(AVAILABLE DATA begins)

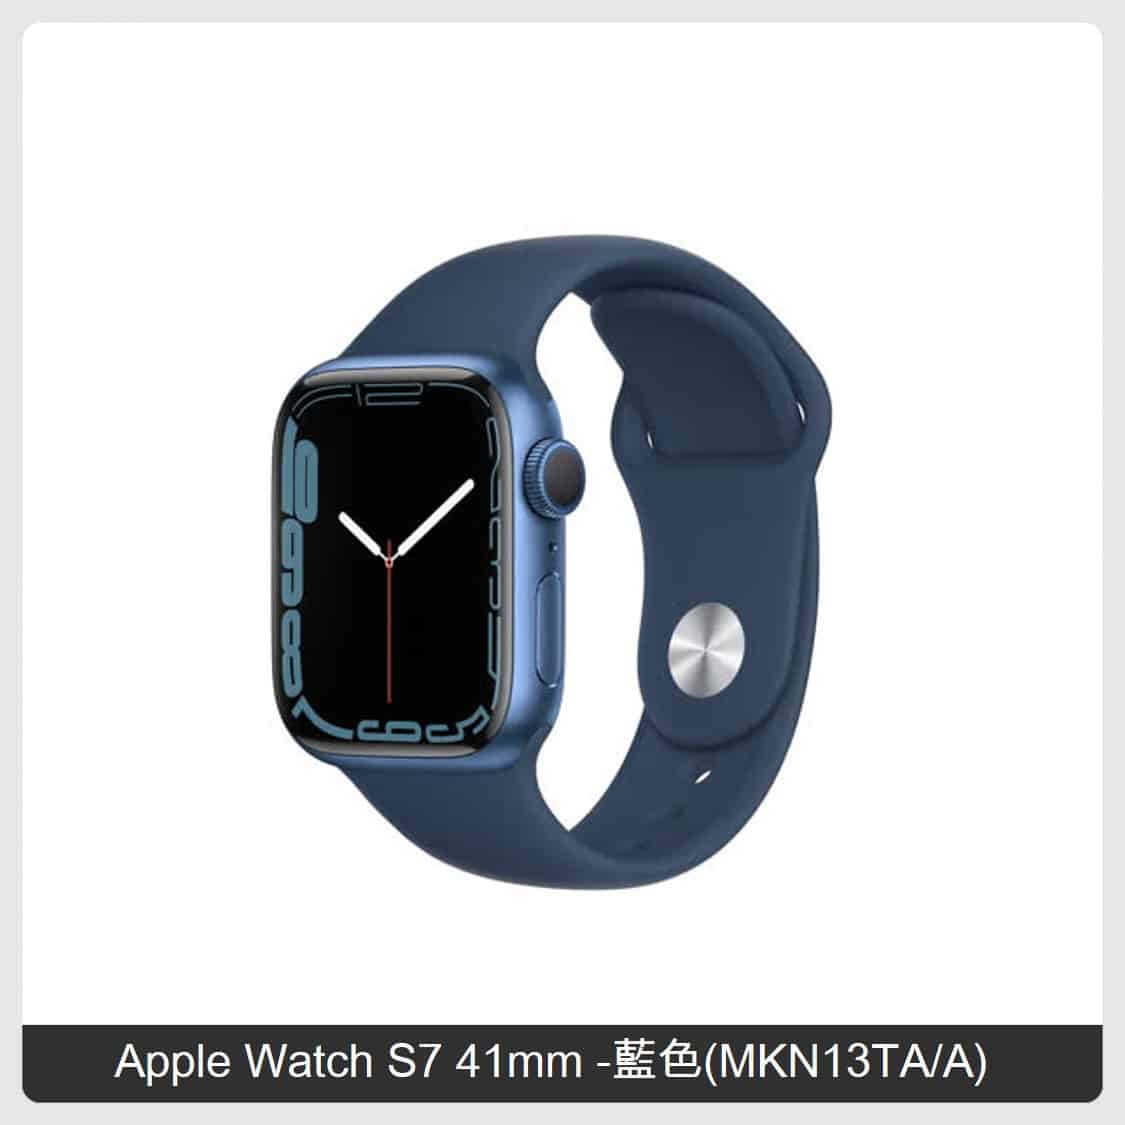 Apple Watch S7 41mm – 藍色(MKN13TA/A) | 法雅客網路商店
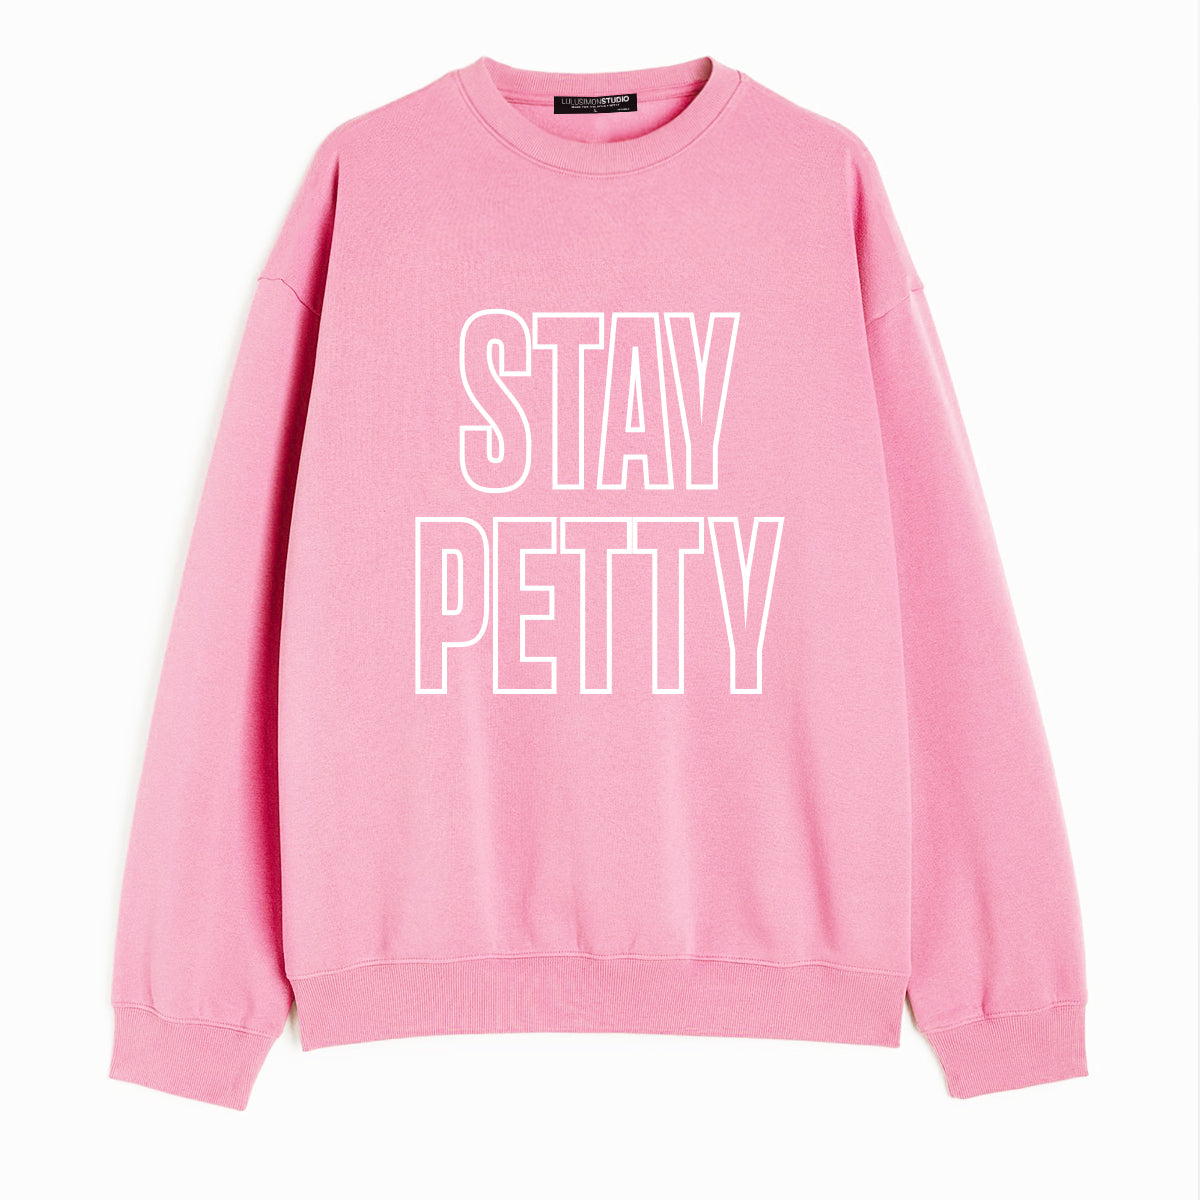 Stay Petty Sweatshirt
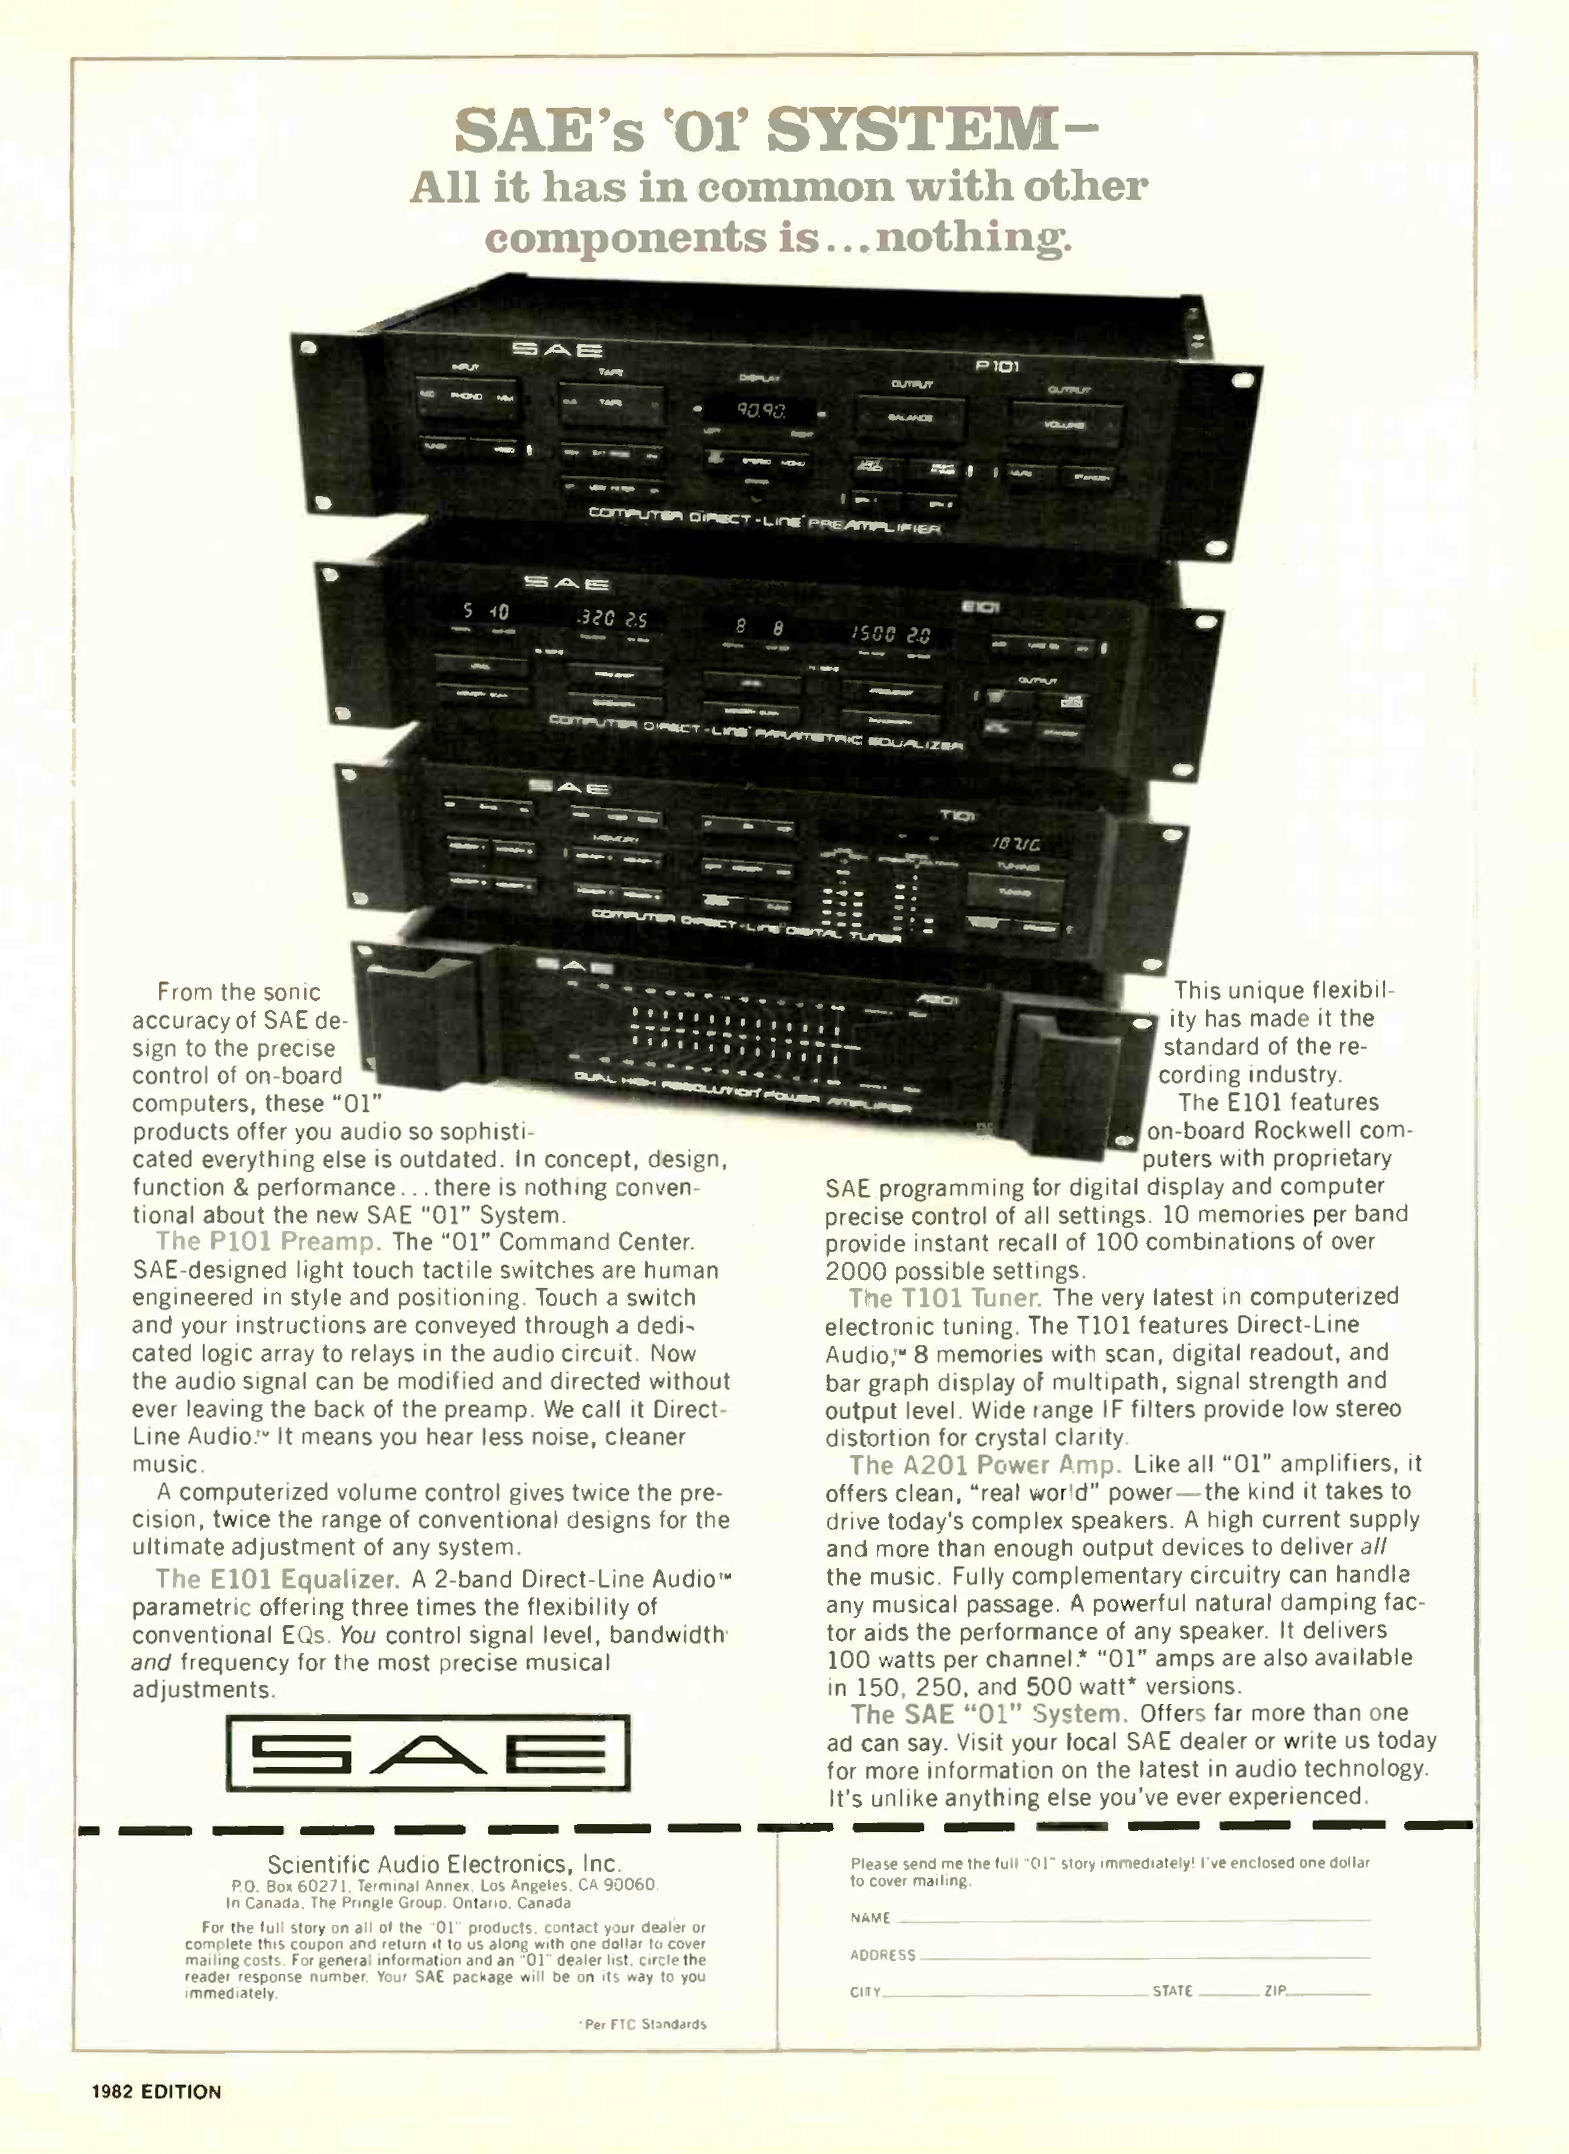 SAE System-01-Werbung-1982.jpg

(AVAILABLE DATA ends)

__WORK TO COMPLETE__. The job is to return the listing above exactly, minus its pictures.

__COMPLETED EXERCISE__.
 Apple Watch S7 41mm – 藍色(MKN13TA/A) | 法雅客網路商店
 Stay Petty Sweatshirt
 SAE System-01-Werbung-1982.jpg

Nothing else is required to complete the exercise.